On the Apollo 11 mission, Neil Armstrong thought he’d bring back some random equipment—things he was supposed to leave behind—as a souvenir for being the first human to walk on the Moon. One was the Temporary Stowage Bag, nicknamed the McDivitt Purse (after the commander who suggested they would need said bag). The knick-knack bag temporarily held miscellaneous things when there wasn’t time to put them away.

The Smithsonian, now in possession of the bag, wrote,

Less than an hour before they were ready to jettison Eagle, mission transcripts record Armstrong saying to Collins (Mission Elapsed Time (MET): 129:14:53): “You know, that — that one’s just a bunch of trash that we want to take back — LM parts, odds and ends, and it won’t stay closed by itself. We’ll have to figure something out for it.”
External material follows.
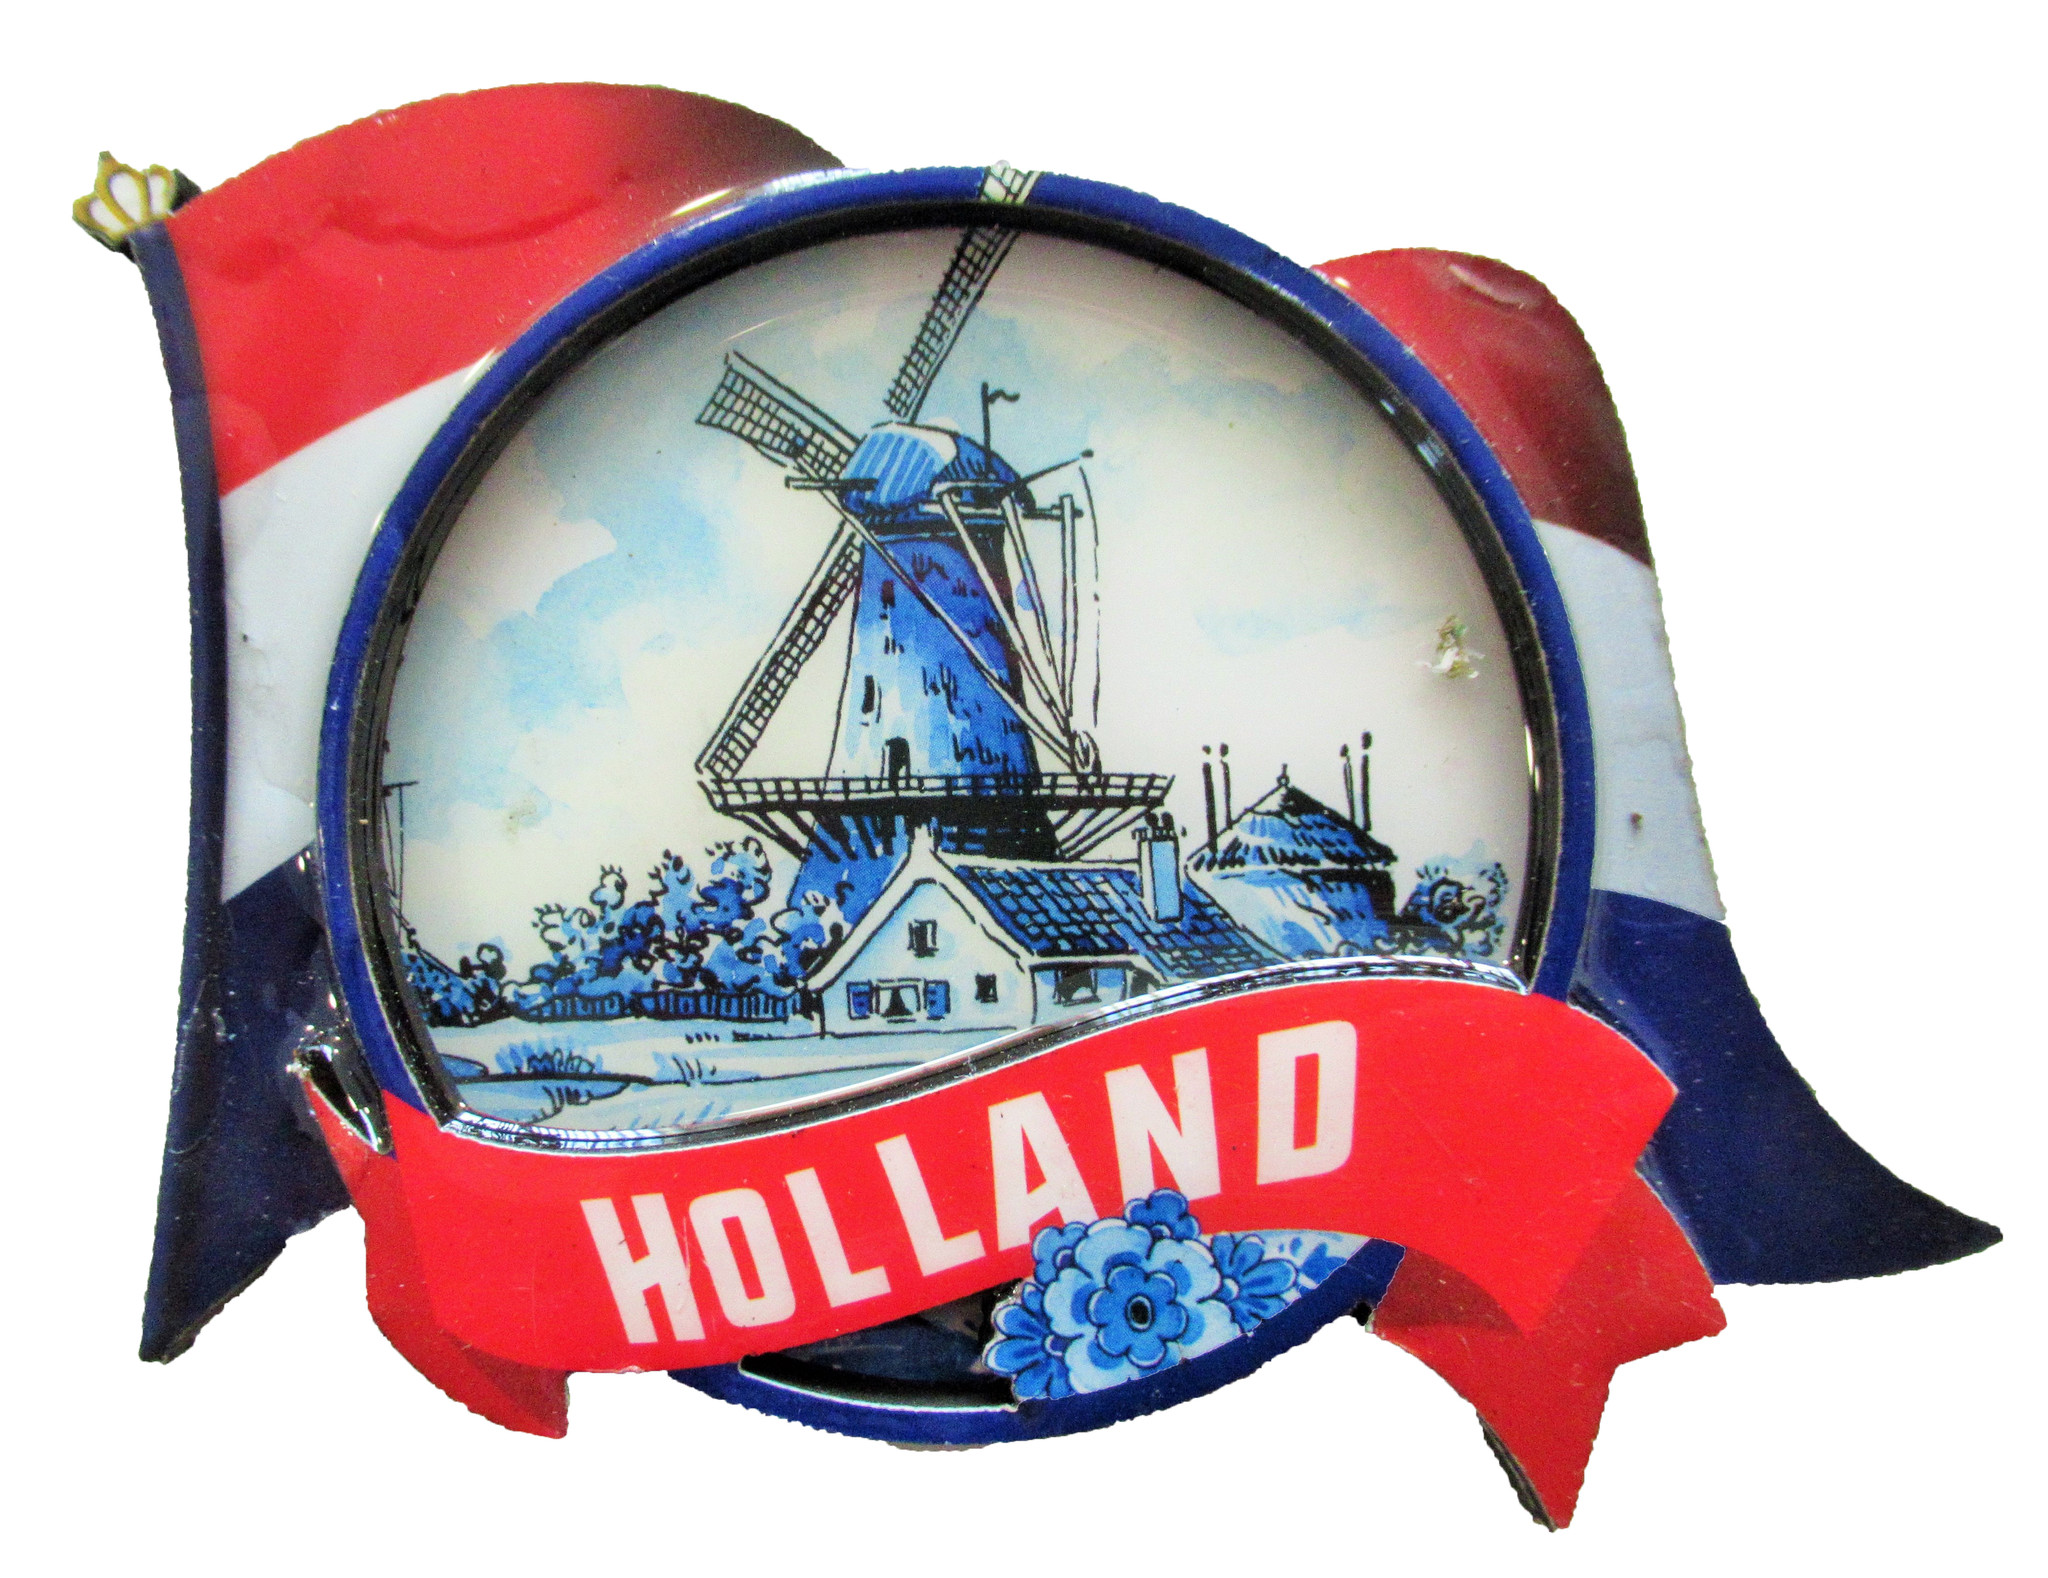 spanning Floreren Toestemming Souvenirs - Nederland - Magneet - Nederlandse vlag - Molenlandschap -  Typisch Hollands.

Inside the bag was a 16mm camera that was used to record and take pictures of the Moon landing, and the waist tether that kept astronauts from drifting off into space—and made a pretty nifty hammock. There was also a mirror, a wrench, netting, brackets, a power cable, and some other random bits.

The Smithsonian National Air and Space Museum was given the items a few weeks after Armstrong’s death in 2012, when his widow found them in his closet. They spent a lot of time looking at manuscripts and photographs and trying to figure out how everything was used. The whole collection has now finally been catalogued.

These souvenirs are historically valuable but are also interesting because, you know, they’ve been to the Moon. Some of it may seem like ordinary stuff, but it all helped Armstrong out when he was floating around in space. Now us Earthbound humans get to see it for ourselves. That’s out of this world.